Please see the section entitled "Caution Regarding Forward-Looking Statements" later in this news release for a description of the principal assumptions on which BCE's 2022 financial guidance targets are based, as well as the principal related risk factors.
CALL WITH FINANCIAL ANALYSTS
BCE will hold a conference call for financial analysts to discuss Q3 2022 results on Thursday, November 3 at 8:00 am eastern. Media are welcome to participate on a listen-only basis. To participate, please dial toll-free 1-800-806-5484 or 416-340-2217 and enter passcode 1128694#. A replay will be available until midnight on December 1, 2022 by dialing 1-800-408-3053 or 905-694-9451 and entering passcode 6266597#. A live audio webcast of the conference call will be available on BCE's website at BCE Q3 2022 conference call.
NON-GAAP AND OTHER FINANCIAL MEASURES
BCE uses various financial measures to assess its business performance. Certain of these measures are calculated in accordance with International Financial Reporting Standards (IFRS or GAAP) while certain other measures do not have a standardized meaning under GAAP. We believe that our GAAP financial measures, read together with adjusted non-GAAP and other financial measures, provide readers with a better understanding of how management assesses BCE's performance.

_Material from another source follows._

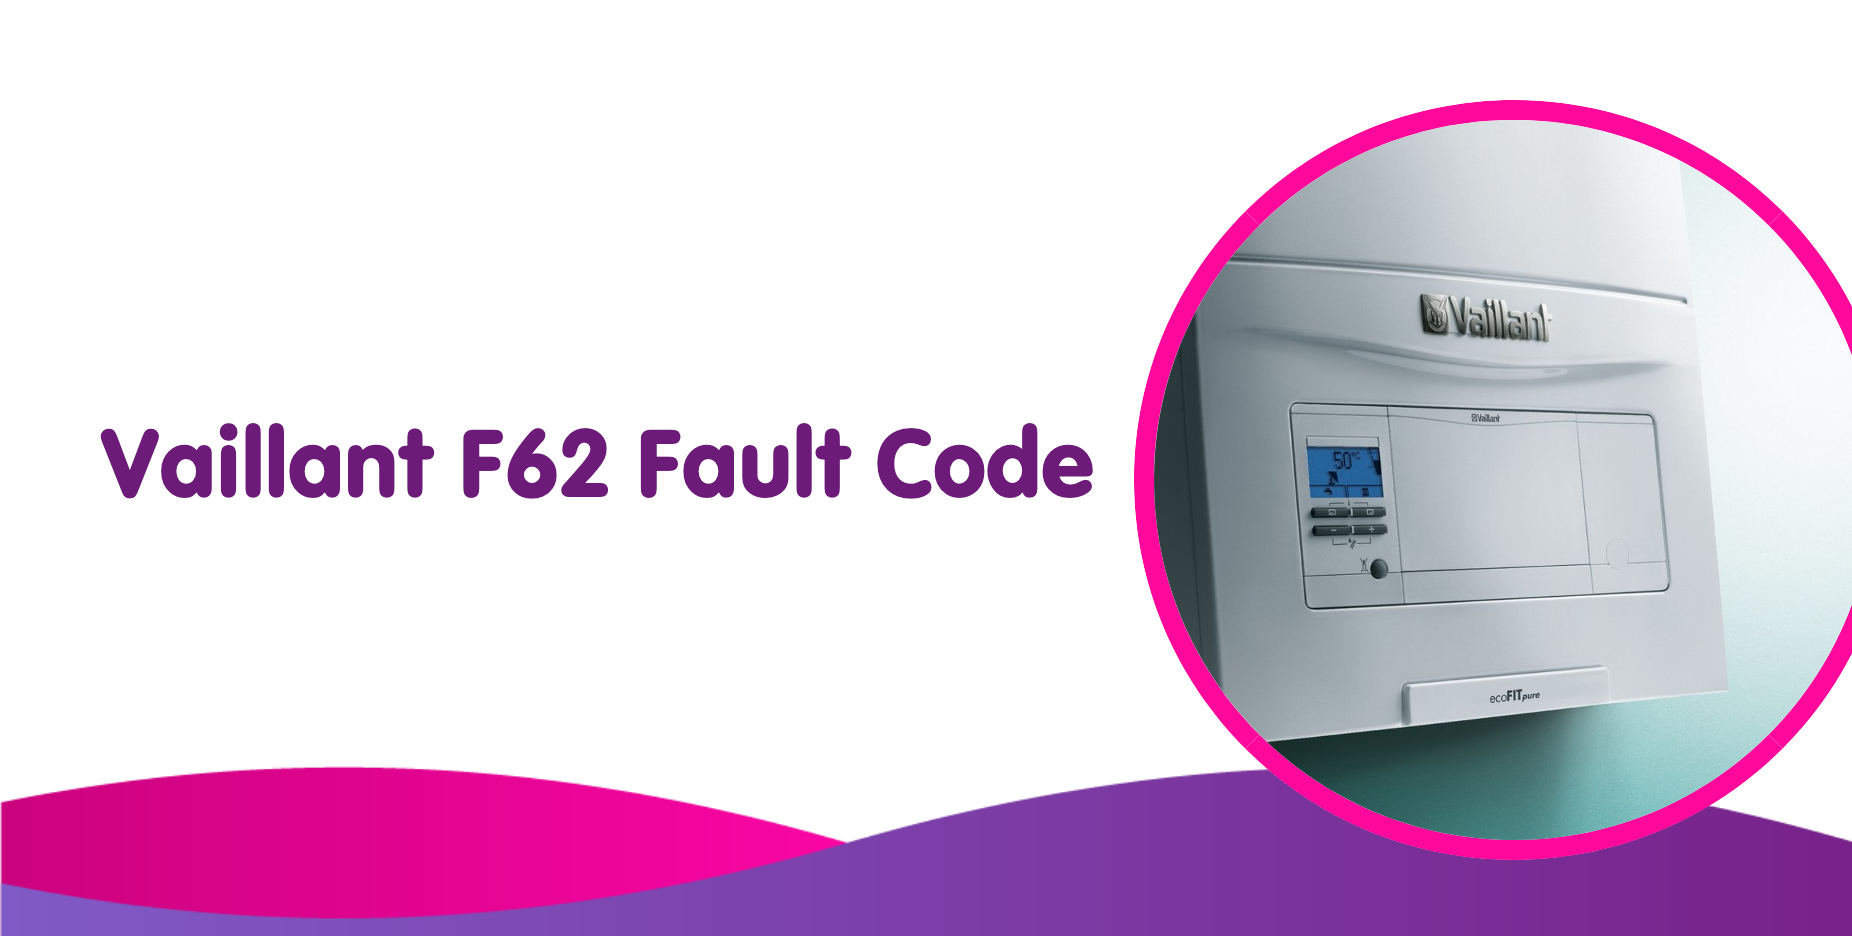 Vaillant F62 Fault Code Meaning, Causes & How To Fix It

National Instrument 52-112, Non-GAAP and Other Financial Measures Disclosure (NI 52-112), prescribes disclosure requirements that apply to the following specified financial measures:
This section provides a description and classification of the specified financial measures contemplated by NI 52-112 that we use in this news release to explain our financial results except that, for supplementary financial measures, an explanation of such measures is provided where they are first referred to in this news release if the supplementary financial measures' labelling is not sufficiently descriptive.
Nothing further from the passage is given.